Senate wants suit on filibusters dismissed
The Senate asked a federal judge Monday to dismiss a citizen lobbying group's lawsuit challenging the constitutionality of Senate rules setting a 60-vote threshold for defeating filibusters.
Emmet J. Bondurant, a lawyer representing Common Cause in the case, said the nation's Founding Fathers never intended to allow a minority in the Senate to block a majority from considering a bill. But that's what the rules now allow, he told U.S. District Judge Emmet Sullivan.
The Senate's lawyer in the case, Thomas Caballero, said the Constitution gives the Senate the authority to make its own rules.

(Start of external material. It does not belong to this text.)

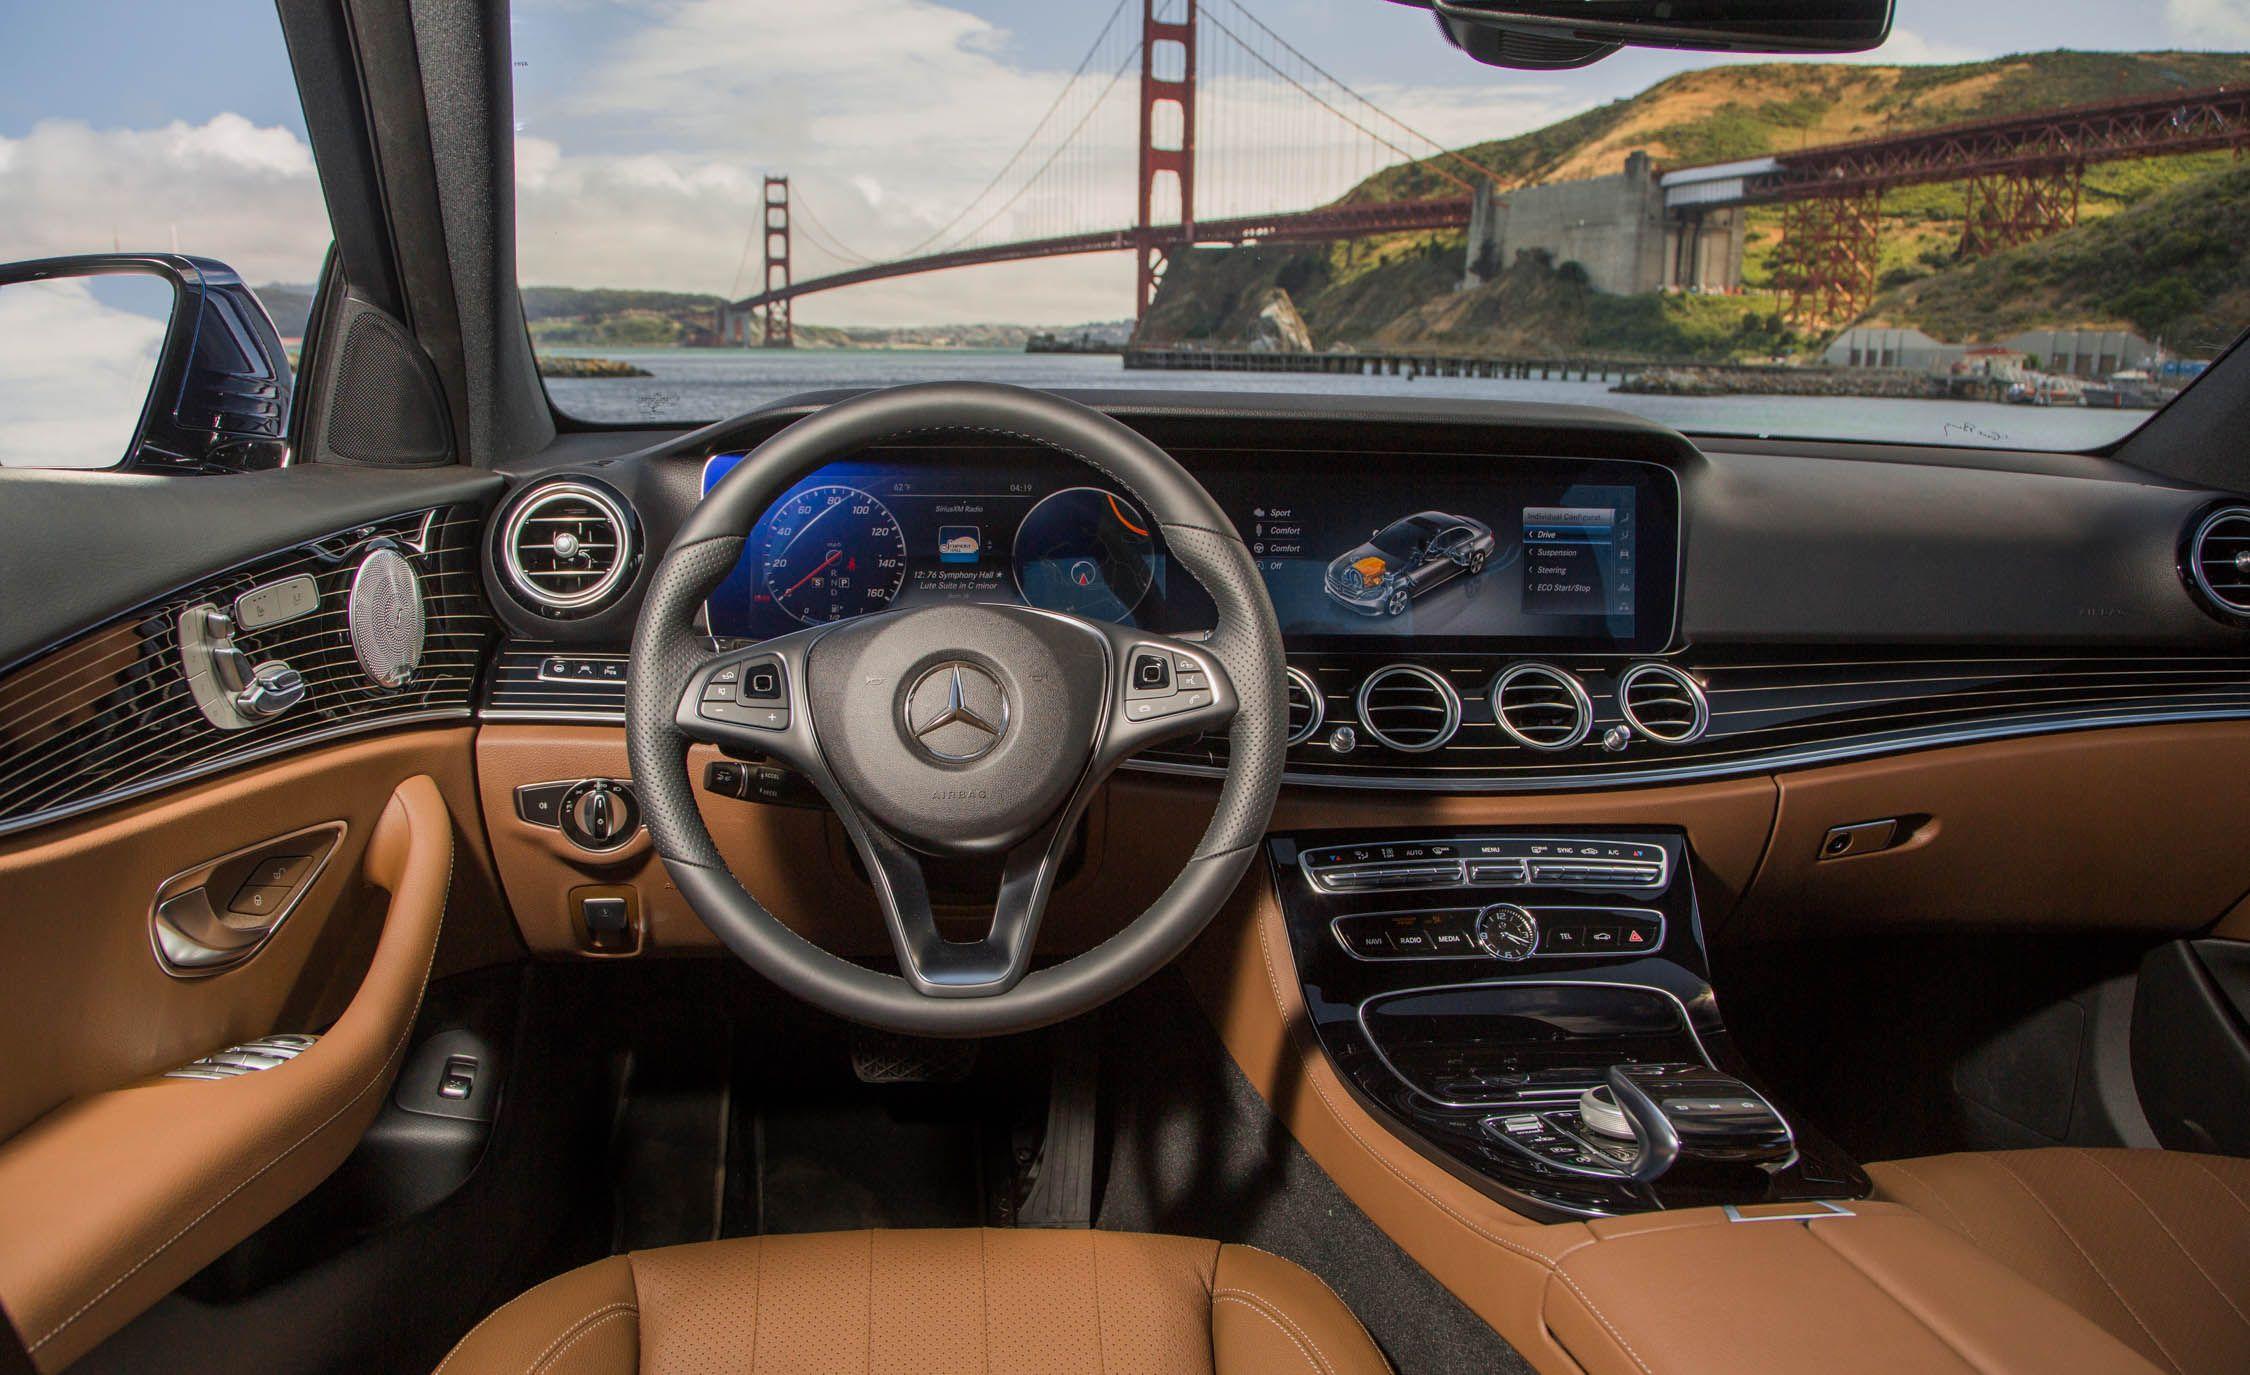 2018 Mercedes-Benz E-class sedan Review – Interior and Passenger Space

Sullivan gave no indication when he might rule on the Senate's motion to dismiss the case.
Joining Common Cause in the suit were four Democratic House members and three illegal immigrants who complain they're subject to being deported because a GOP-led filibuster in 2010 prevented the Senate from voting on a bill that would have given them a legal path to citizenship.
The case was heard as Senate Democratic Leader Harry Reid weighs trying to change the Senate rules to narrow the use of filibusters. Reid has complained that Republicans are using the maneuver to block Democrats from advancing President Barack Obama's agenda.
Reid wants the ability to bring a bill before the Senate with the approval of a simple majority of its 100 members. A minority of 41 opponents could still resort to a filibuster to prevent the Senate from voting on the bill itself, but only by talking continuously about it on the Senate floor.
That's the public conception of a filibuster, perhaps gleaned from the 1939 movie "Mr. Smith Goes to Washington," in which actor Jimmy Stewart delays a vote on a bill by talking non-stop on the Senate floor for 24 hours before collapsing from exhaustion. In their latest incarnation, filibusters can be carried out with little to no debate when just a single senator objects.